In the hospital hallway, he had met another old man who was there with his wife. I was sure I would die before her, the man said, as almost always happens. Leandro hadn’t ever thought about their departing order. In the last few months, he had time to prepare himself, to get used to the idea of being alone, of losing her. A number of times he heard Aurora say to her granddaughter, when they chatted, will you take care of your
grandfather? Will you take care of him? And the girl promised that she would, of course.

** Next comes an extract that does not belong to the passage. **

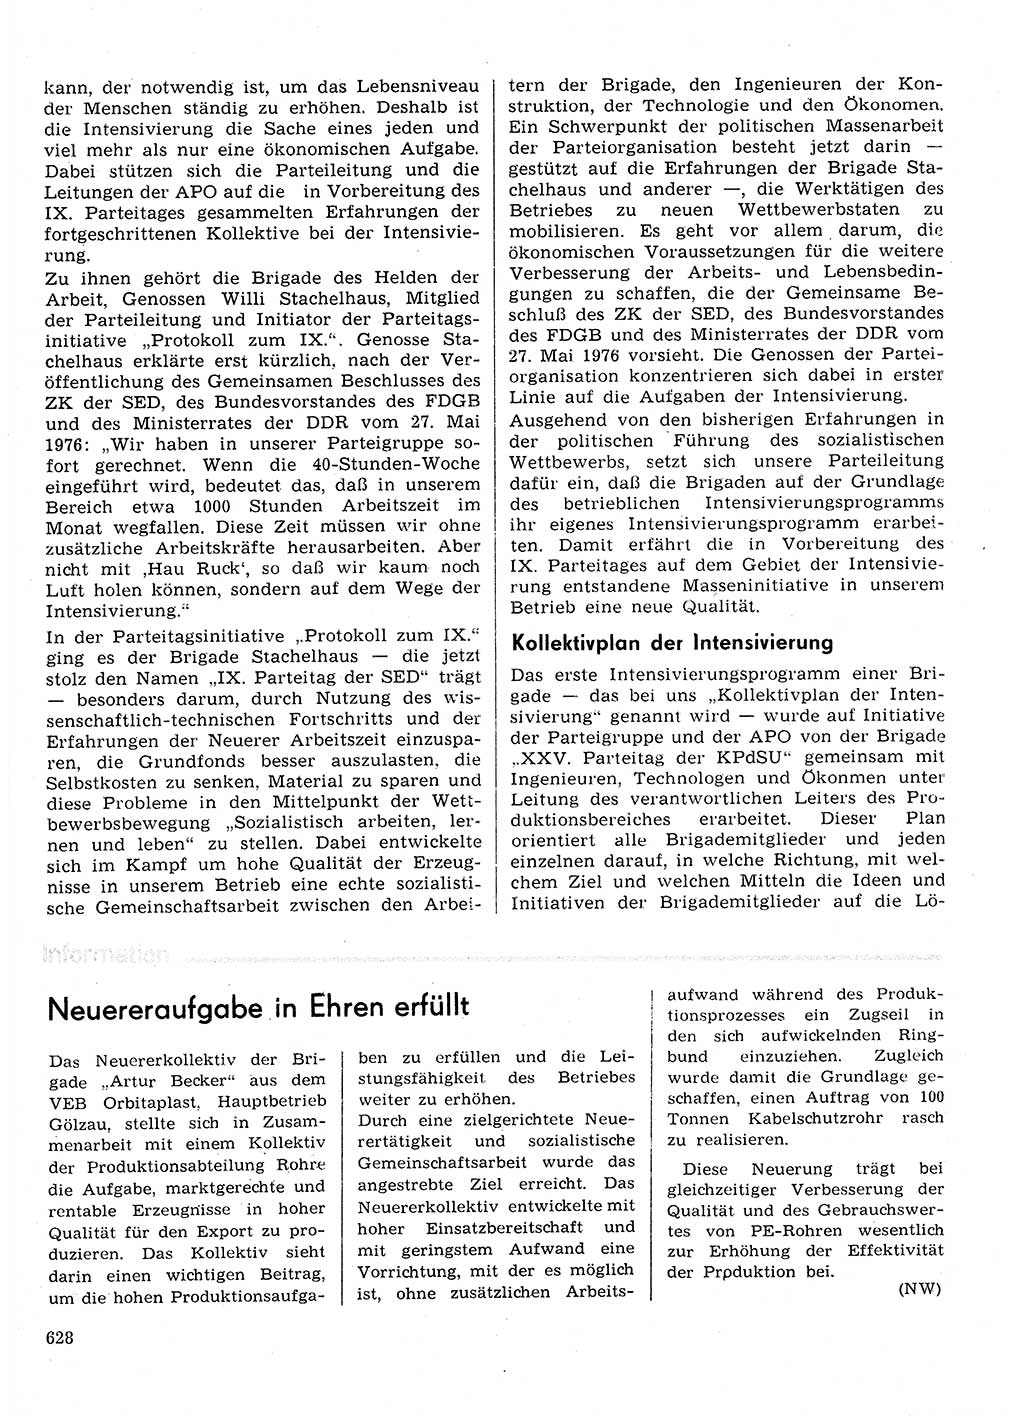 Neuer Weg (NW), Organ des Zentralkomitees (ZK) der SED (Sozialistische Einheitspartei Deutschlands) für Fragen des Parteilebens, 31. Jahrgang [Deutsche Demokratische Republik (DDR)] 1976, Seite 628 (NW ZK SED DDR 1976, S. 628)

Will I reread Unamuno or Ortega to repeat the same old conversations with Manolo Almendros? Perhaps the poems of Machado or Rubén could be some comfort? And the flesh that tempts us with its fresh bunches of grapes, and the tomb that awaits us with its funereal branches. All of Bach, what about Mozart? Or give them both up? And Schubert? What would be his measuring stick? Undoing the tangled web of a life, taking what had gotten twisted up over the years and now undoing it, walking backward. Taking only what I brought to this house when I came to live in it? This last idea amused him. But he soon realized it canceled out what had given Aurora pleasure, what they had shared, bought together, listened to together, both read. Retracing the steps of an entire life. His threw out his retirement plaque that read “for your years of devotion and training, to our teacher,” because the only thing he did during all those years and with all those students was to try to bring Don Alonso back to life, to maintain his rectitude, his polite manner, his rigorous challenge to the most promising students, even intoning some Latin phrase that he now wouldn’t dare say out of a fear of sounding pedantic like Joaquín.